In practice, a marital trust (of the non-QTIP variety) will rarely ever be a favorable beneficiary for a retirement account. The reason is that by naming the trust instead of the surviving spouse directly, that surviving spouse will lose the ability to do a rollover of the IRA into his/her own name to obtain the most favorable spousal treatment (including waiting on required minimum distributions until turning age 70 ½, being subject to RMDs using the Uniform Life Table, and re-naming a new beneficiary for a new stretch after that surviving spouse’s death). Instead, the trust will be subject to RMDs as a non-spouse designated beneficiary; if the spouse is the primary/sole beneficiary, the trust can at least wait to begin RMDs when the original decedent would have turned age 70 ½ (under Treasury Regulation 1.401(a)(9)-5, Q&A-7(c)(3), Example 2), but will still be stuck with a less favorable applicable distribution period (single life instead of the [joint] uniform life table), and no ability to re-set the stretch for subsequent beneficiaries after the death of the surviving spouse.

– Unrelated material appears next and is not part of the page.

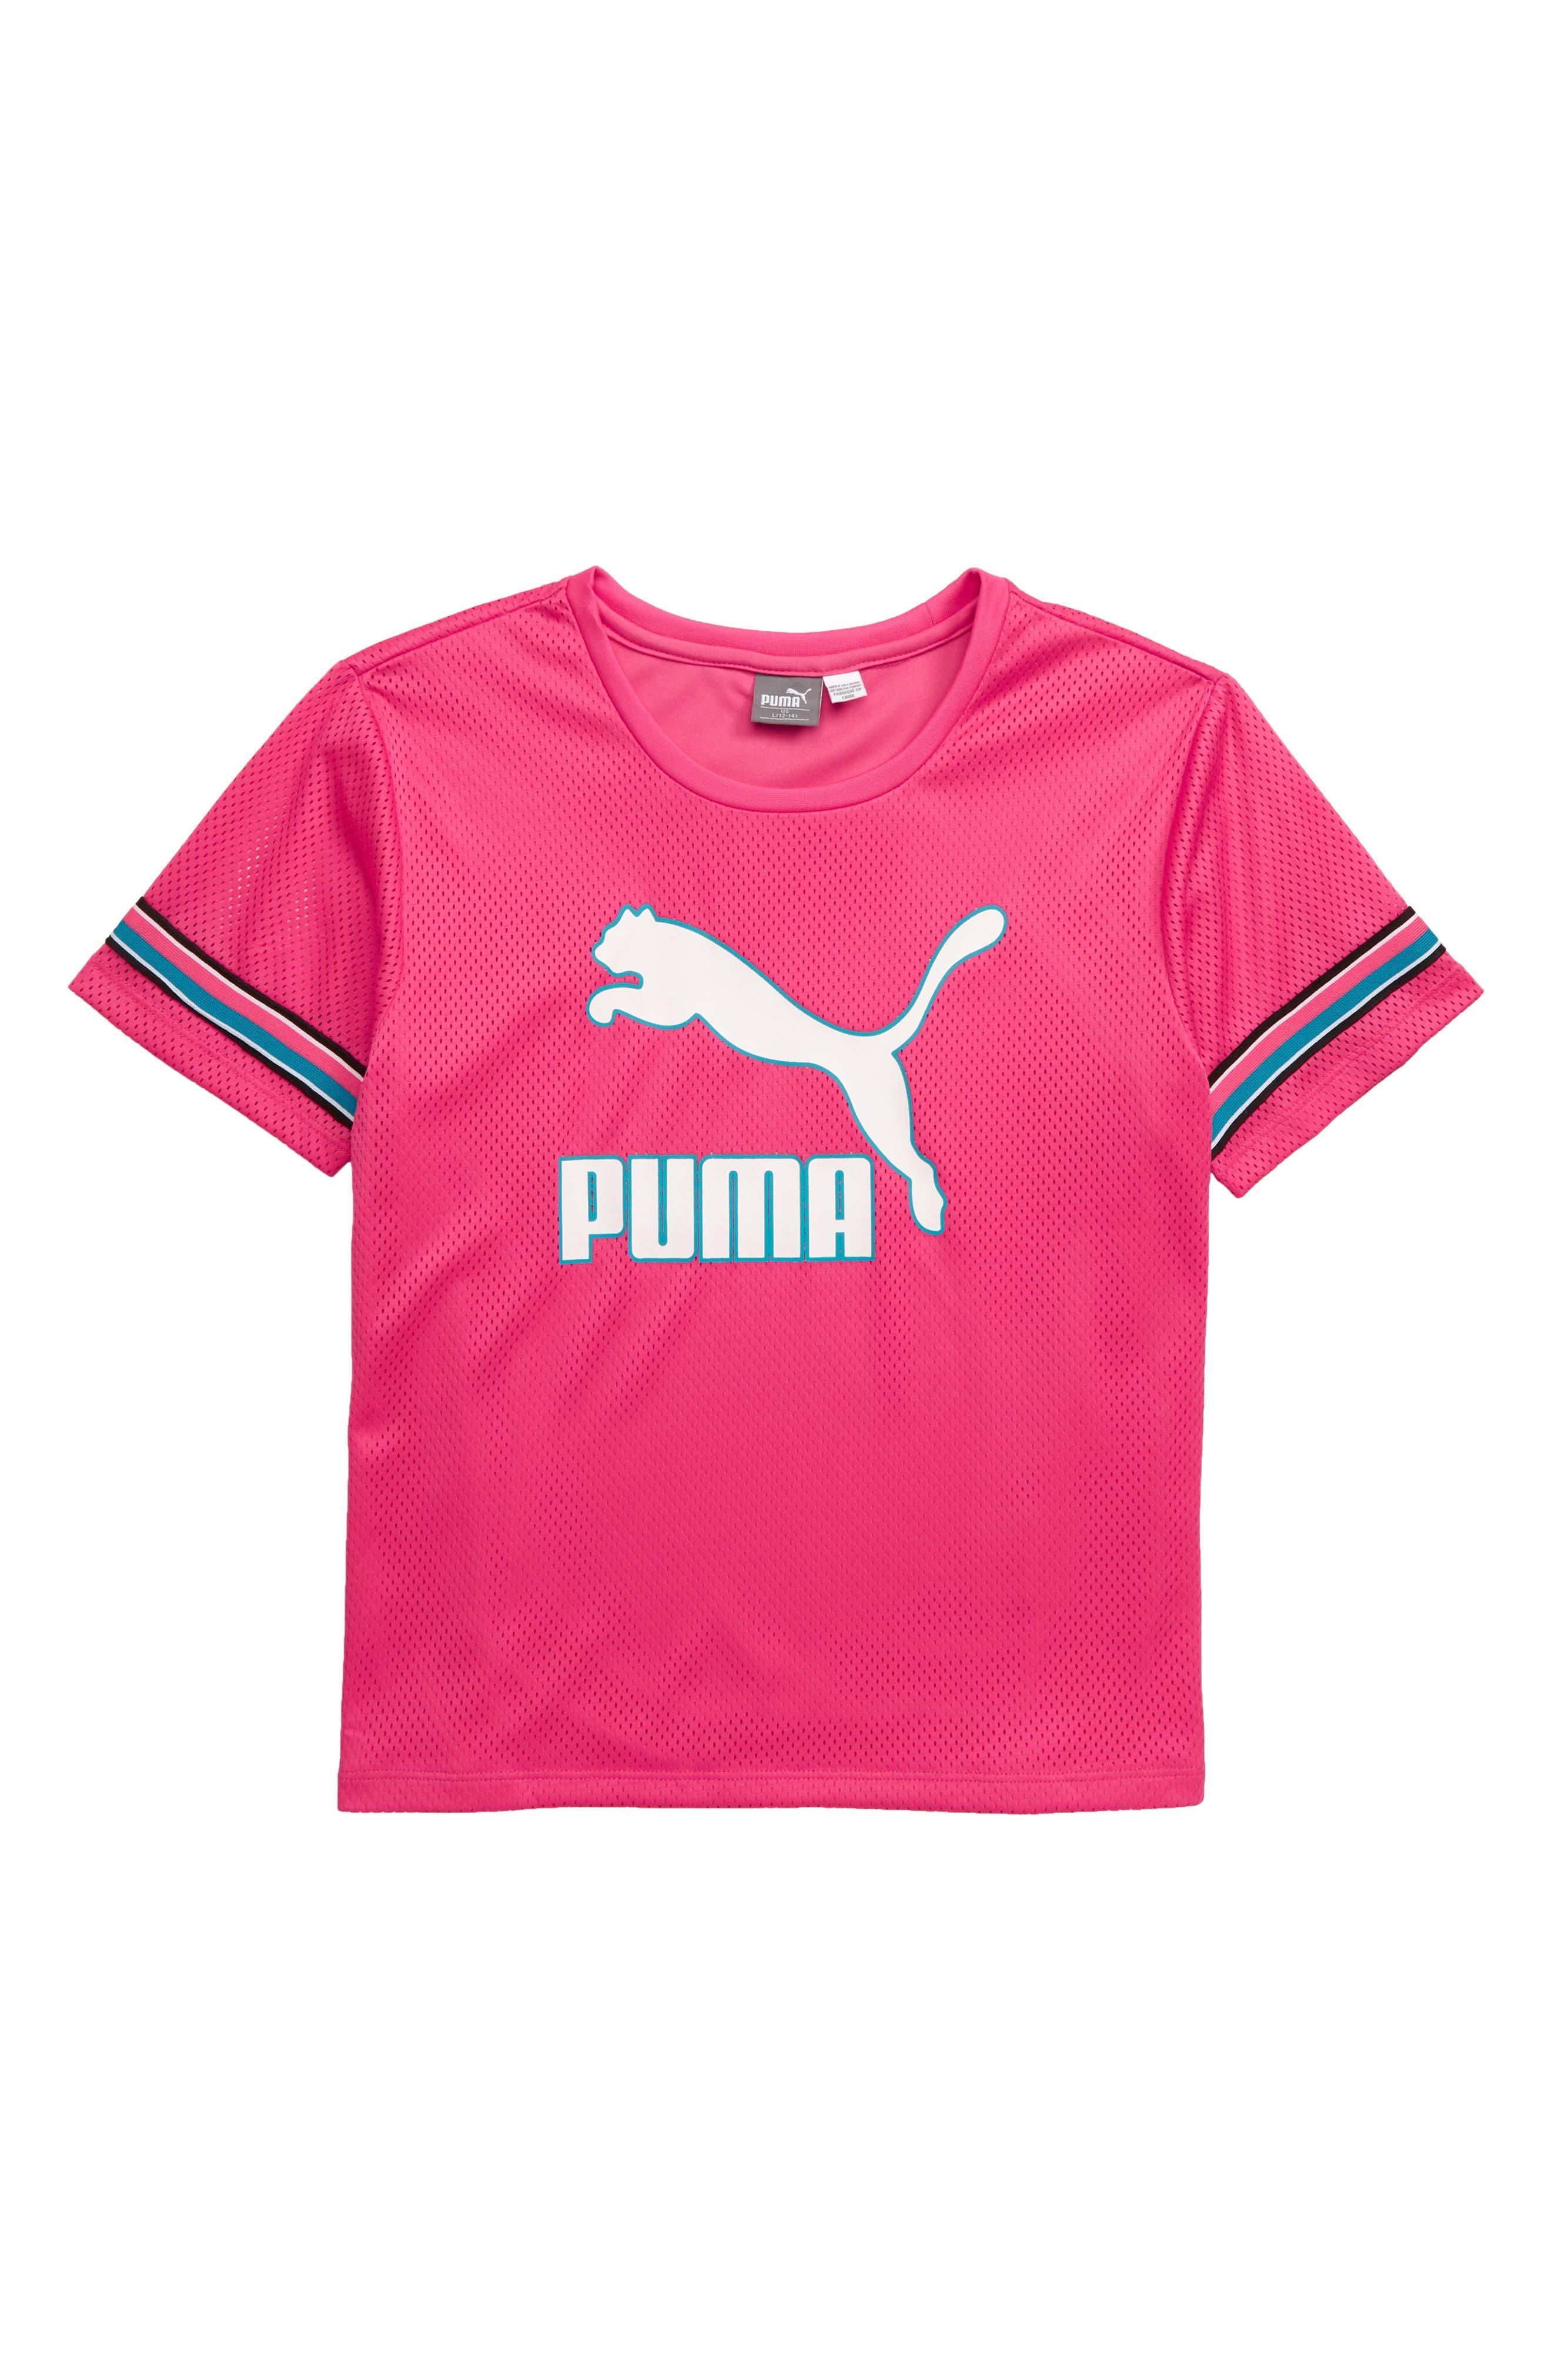 Girls Puma Logo Mesh Shirt
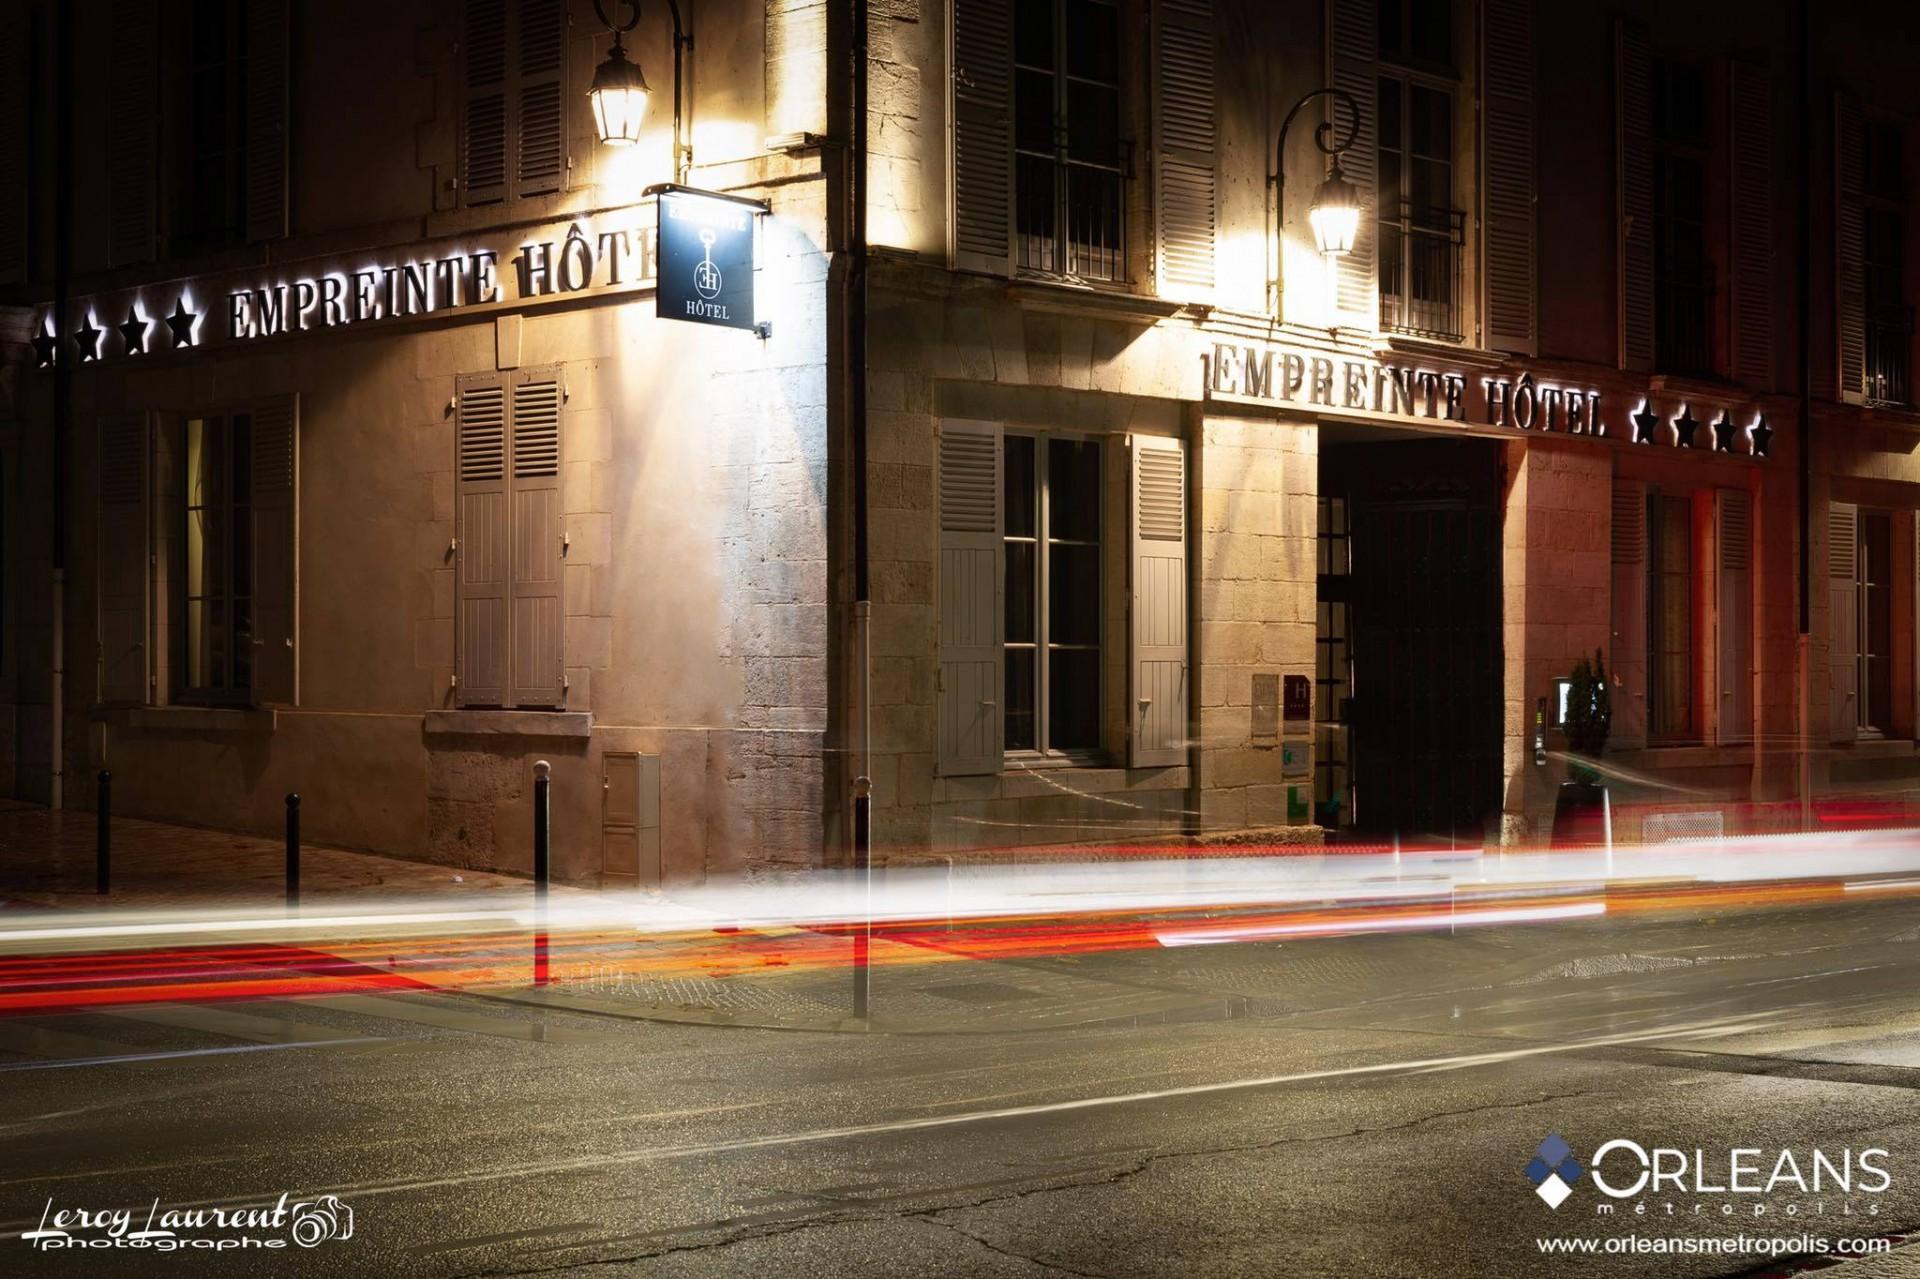 Empreinte Hôtel Orléans by Night

While such a trade-off – less favorable spousal rollover treatment in exchange for the use of a trust – may be appealing if there is some asset protection, control, or estate tax savings associated with the trust, in the case of a marital trust none of those benefits are available. Thus, the spouse-via-marital-trust beneficiary receives a less favorable outcome for stretch IRA purposes, with no offsetting (tax or non-tax) benefit. (Though notably, since distributions to a marital trust flow through to the surviving spouse, at least all IRA distributions will be taxed at the surviving spouse’s tax rates, and not be subject to compressed trust tax brackets!)
In fact, because the use of a marital trust as the beneficiary of a retirement account often turns out to be a mistake, there are now several instances where a spousal beneficiary has requested a Private Letter Ruling from the IRS where a marital trust was “accidentally” named as the beneficiary and the spouse wanted to roll the IRA funds “through” the marital trust to the surviving spouse. In scenarios where the surviving spouse was the sole beneficiary, and had full dominion and control over trust assets, and the trust allowed non-pro-rata in-kind distributions to its beneficiary, the IRS actually has allowed the surviving spouse beneficiary to “correct” this mistake (see PLRs 200210066, 200236052, 200317032, and 200406048). Nonetheless, obtaining a PLR to “fix” the situation merely results in the same outcome as would have occurred by simply naming the spouse directly, but with a significant amount of added time, hassle, and the non-trivial cost of a filing fee up to $18,000 (plus legal expenses) to obtain a private letter ruling in the first place.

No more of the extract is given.